Initially, `getLinks` is called with an empty URL. This is translated as “the front page of Wikipedia” as soon as the empty URL is prepended with `http://en.wikipedia.org` inside the function. Then, each link on the first page is iterated through and a check is made to see whether it is in the global set of pages (a set of pages that the script has encountered already). If not, it is added to the list, printed to the screen, and the `getLinks` function is called recursively on it.

Python has a default recursion limit (the number of times a program can recursively call itself) of 1,000. Because Wikipedia’s network of links is extremely large, this program will eventually hit that recursion limit and stop, unless you put in a recursion counter or something to prevent that from happening.

## Collecting Data Across an Entire Site

Let’s look at how to build a scraper that collects the title, the first paragraph of content, and the link to edit the page (if available).

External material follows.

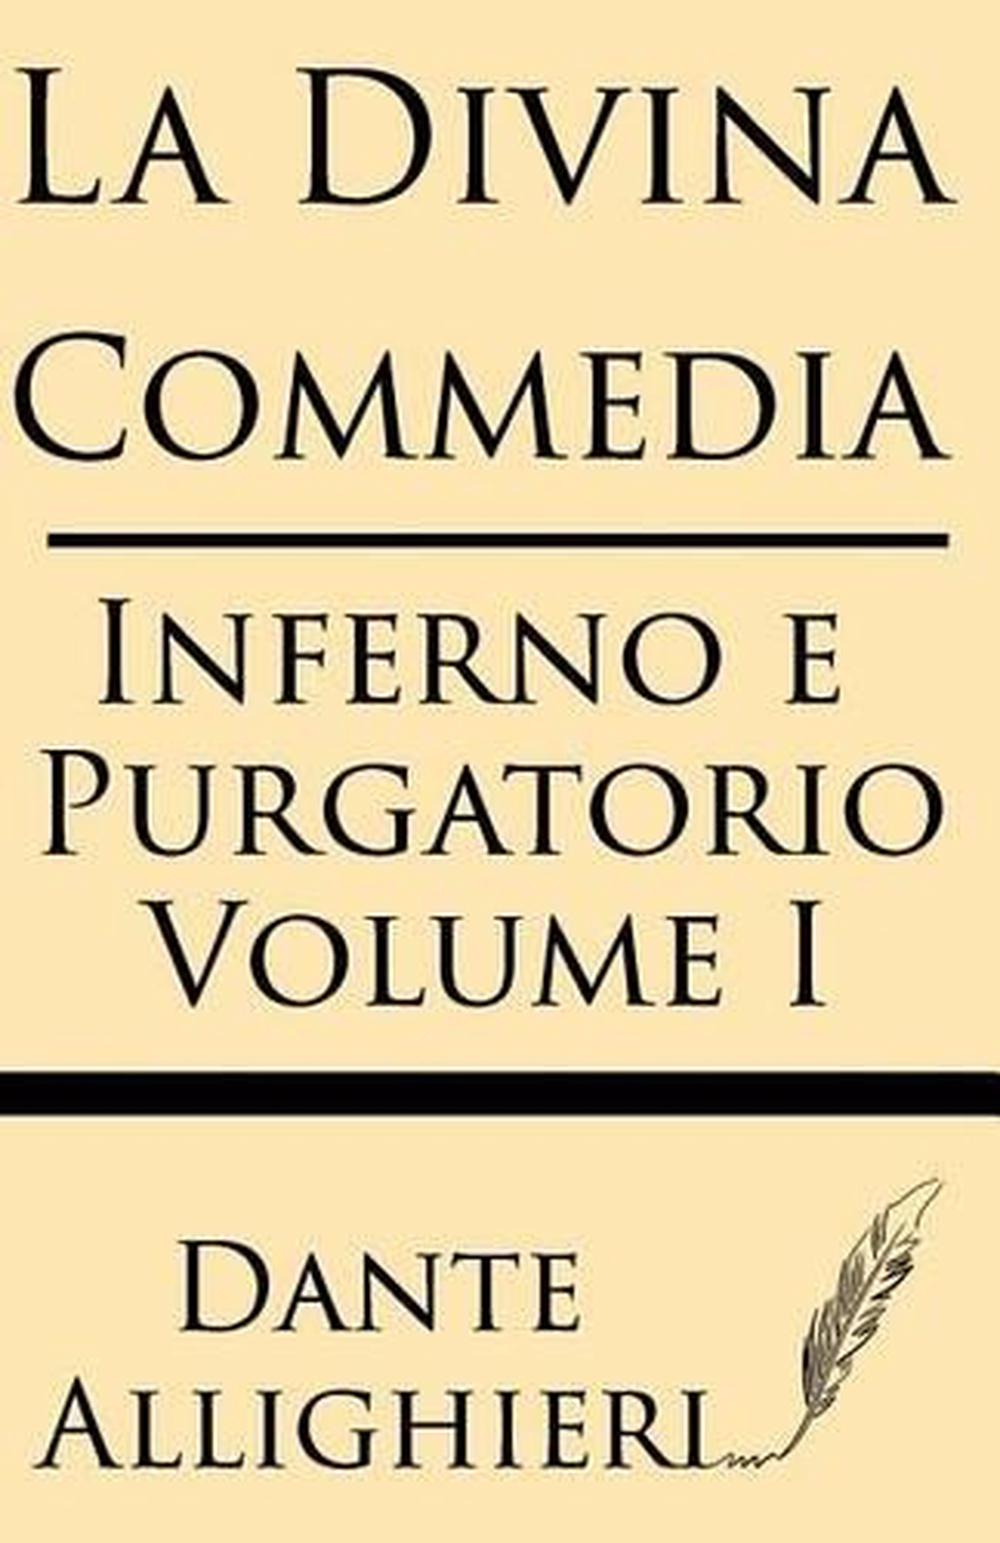 La Divina Comedia (Volume I): Inferno E Purgatorio by Dante Allighieri ...

As always, the first step to determine how best to do this is to look at a few pages from the site and determine a pattern. By looking at a handful of Wikipedia pages (both articles and nonarticle pages such as the privacy policy page), the following things should be clear:

- All titles (on all pages, regardless of their status as an article page, an edit history page, or any other page) have titles under `h1 → span` tags, and these are the only `h1` tags on the page. 
- As mentioned before, all body text lives under the `div#bodyContent` tag. However, if you want to get more specific and access just the first paragraph of text, you might be better off using `div#mw-content-text → p` (selecting the first paragraph tag only). This is true for all content pages except file pages (for example, `https://en.wikipedia.org/wiki/File:Orbit_of_274301_Wikipedia.svg`), which do not have sections of content text.
- Edit links occur only on article pages. If they occur, they will be found in the `li#ca-edit` tag, under `li#ca-edit → span → a`.

By modifying our basic crawling code, you can create a combination crawler/data-gathering (or, at least, data-printing) program:

In [20]:
import re
from urllib.request import urlopen

from bs4 import BeautifulSoup

pages = set()


def main():

    try:
        getLinks('')
    except Exception as e:
        print(type(e), e)

    return 0


def getLinks(pageUrl):
    global pages
    html = urlopen('http://en.wikipedia.org{}'.format(pageUrl))
    bs = BeautifulSoup(html, 'html.parser')
    try:
        print(bs.h1.get_text())
        print(bs.find(id ='mw-content-text').find_all('p')[0])
        print(bs.find(id='ca-edit').find('span')
                    .find('a').attrs['href'])
    except AttributeError:
        print('This page is missing something! Continuing.')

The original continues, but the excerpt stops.